== Segment start ==

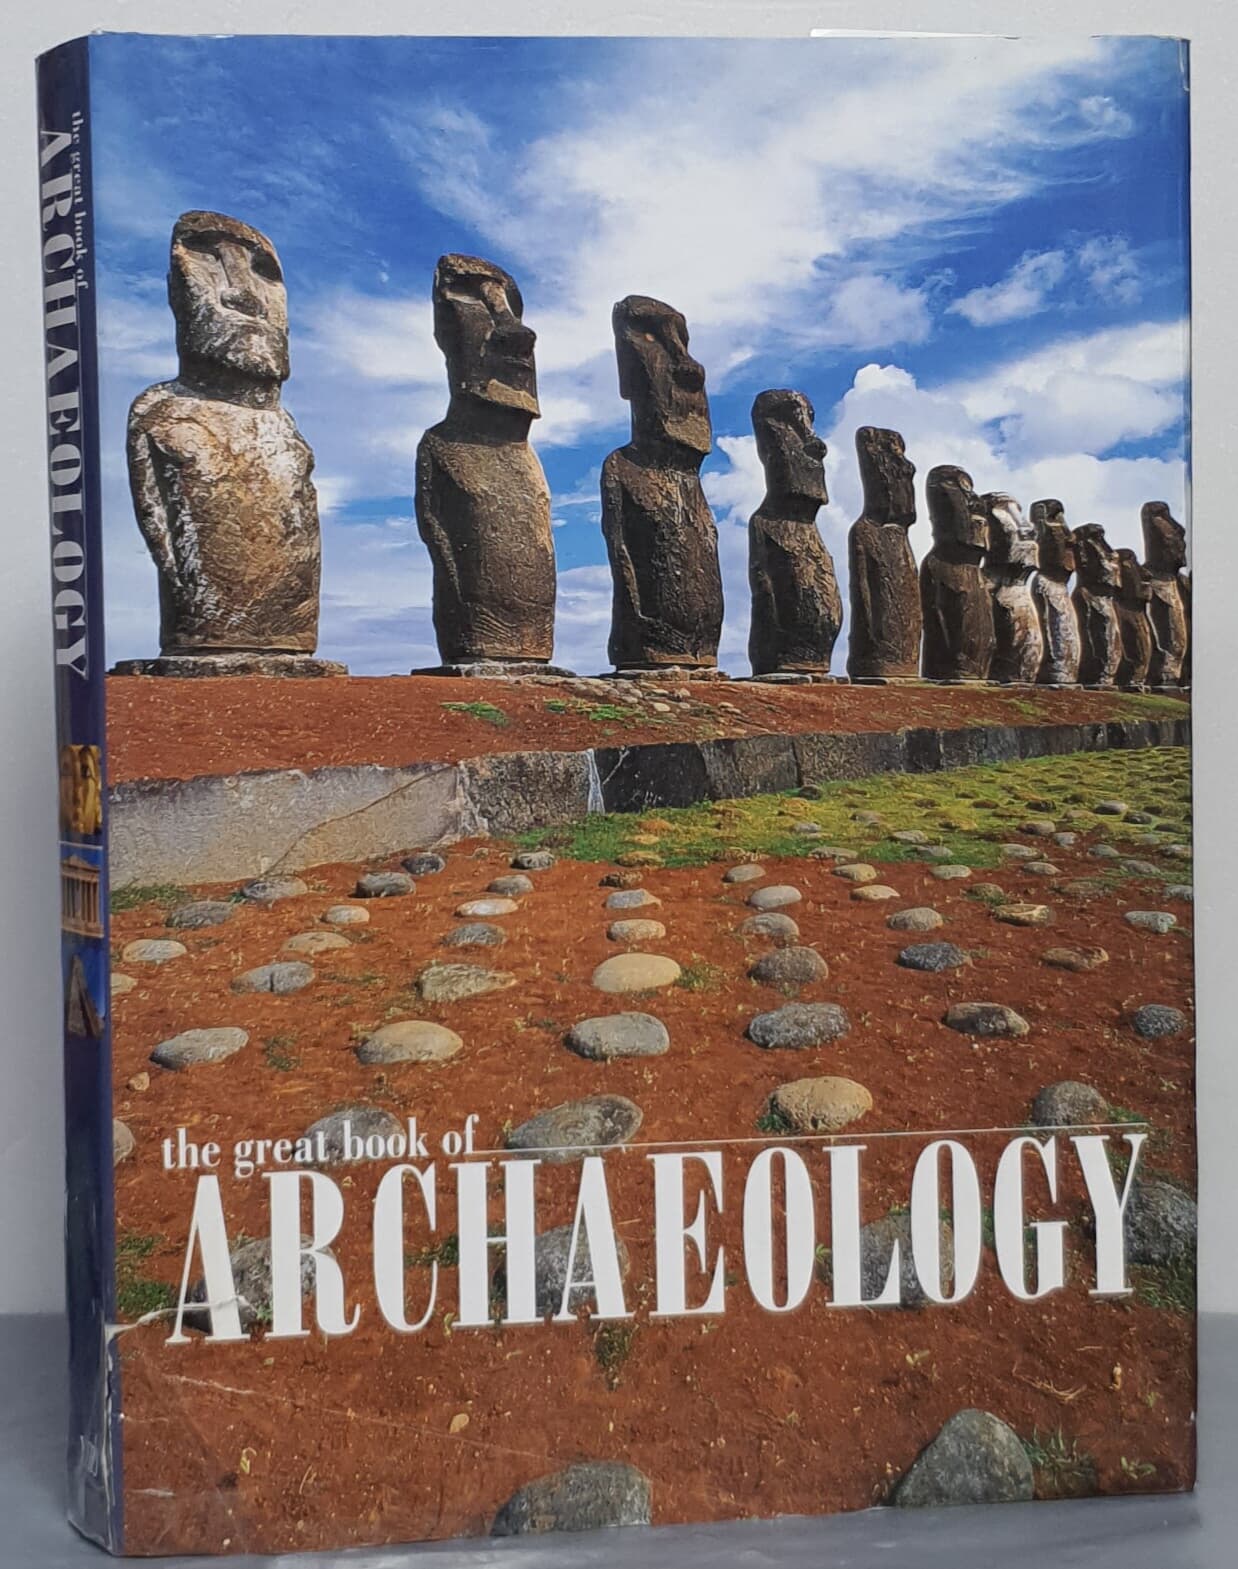 The Great Book of Archaeology (Hardcover) 
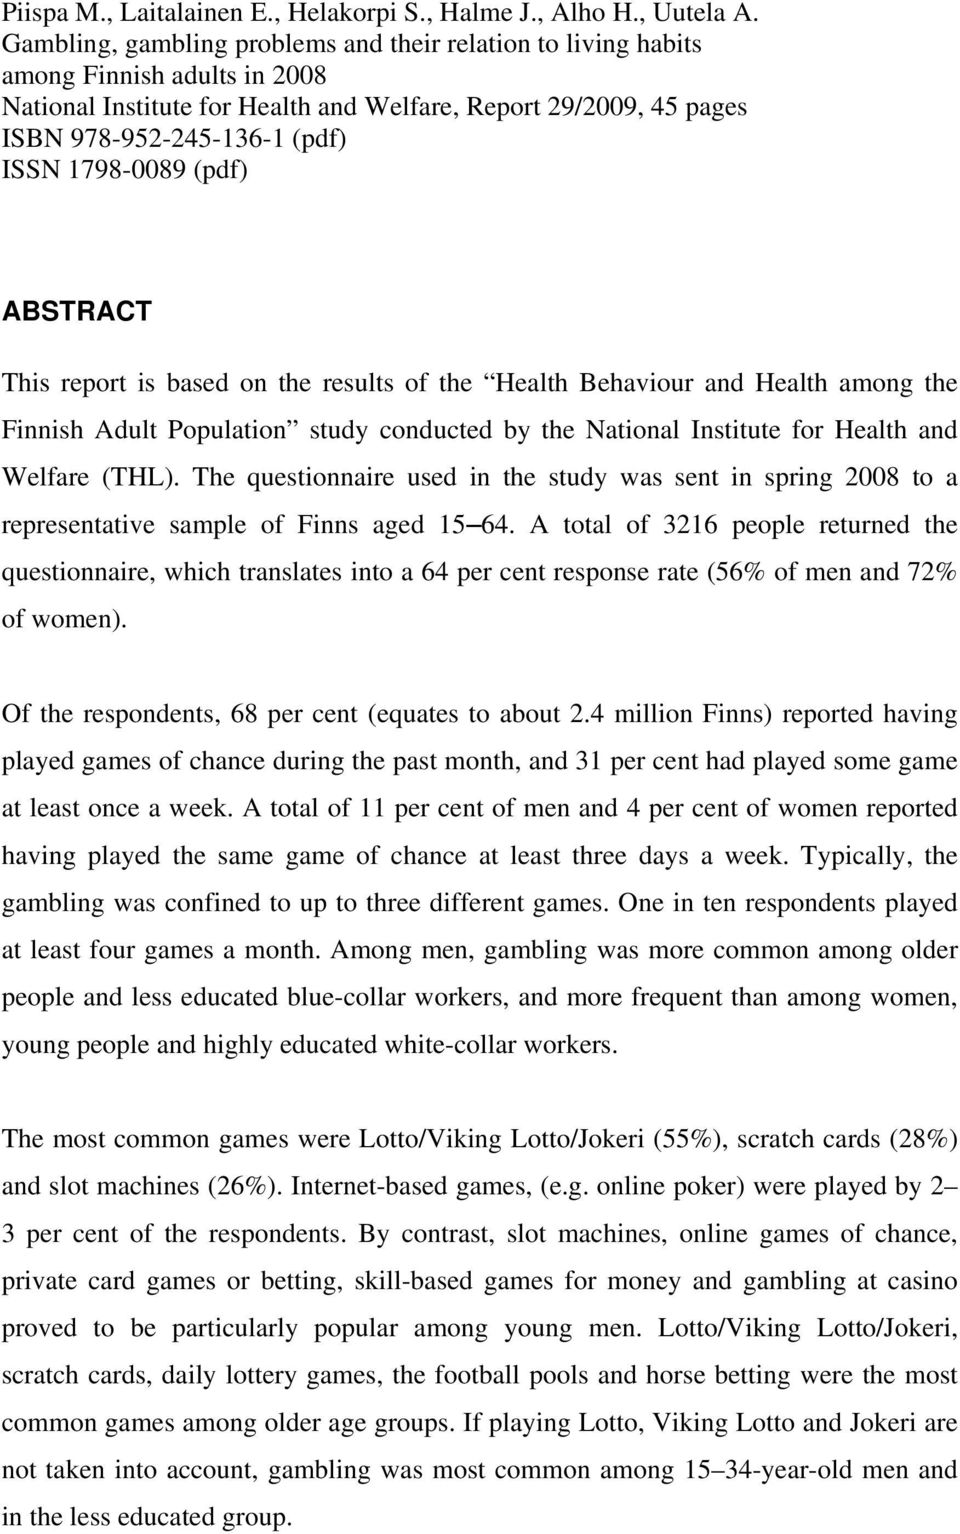 1798-0089 (pdf) ABSTRACT This report is based on the results of the Health Behaviour and Health among the Finnish Adult Population study conducted by the National Institute for Health and Welfare
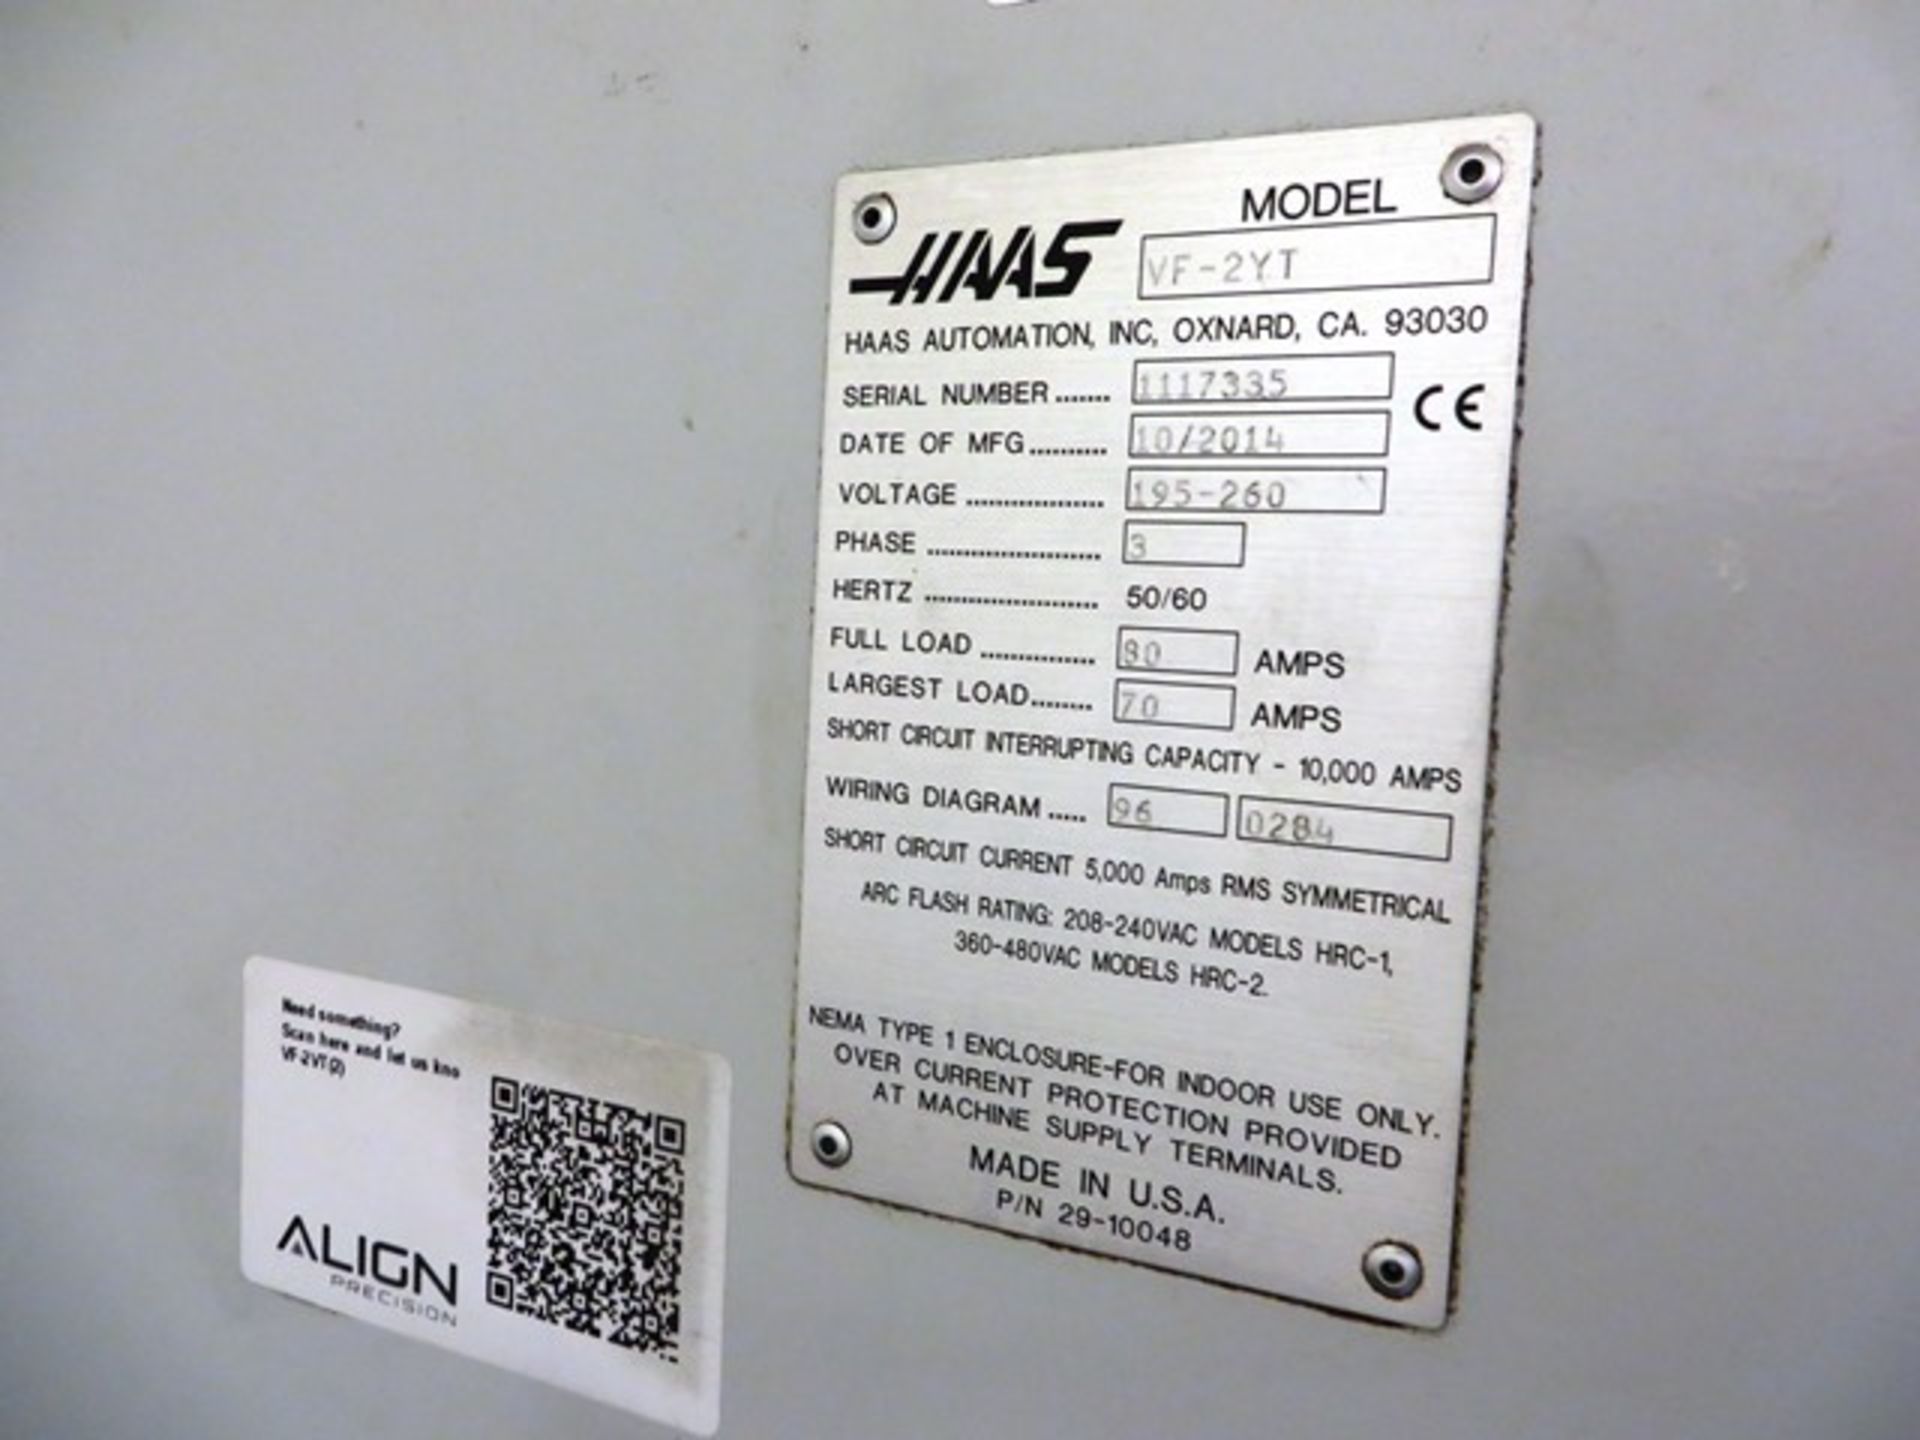 Haas VF2YT 4-Axis CNC Vertical Machining Center - Image 7 of 7

== Segment end ==

| Task brief |
Print all of the data exactly, and do not carry over any pictures.

| Solution to this problem |
 The Great Book of Archaeology (Hardcover) 
 1798-0089 (pdf) ABSTRACT This report is based on the results of the Health Behaviour and Health among the Finnish Adult Population study conducted by the National Institute for Health and Welfare
 Haas VF2YT 4-Axis CNC Vertical Machining Center - Image 7 of 7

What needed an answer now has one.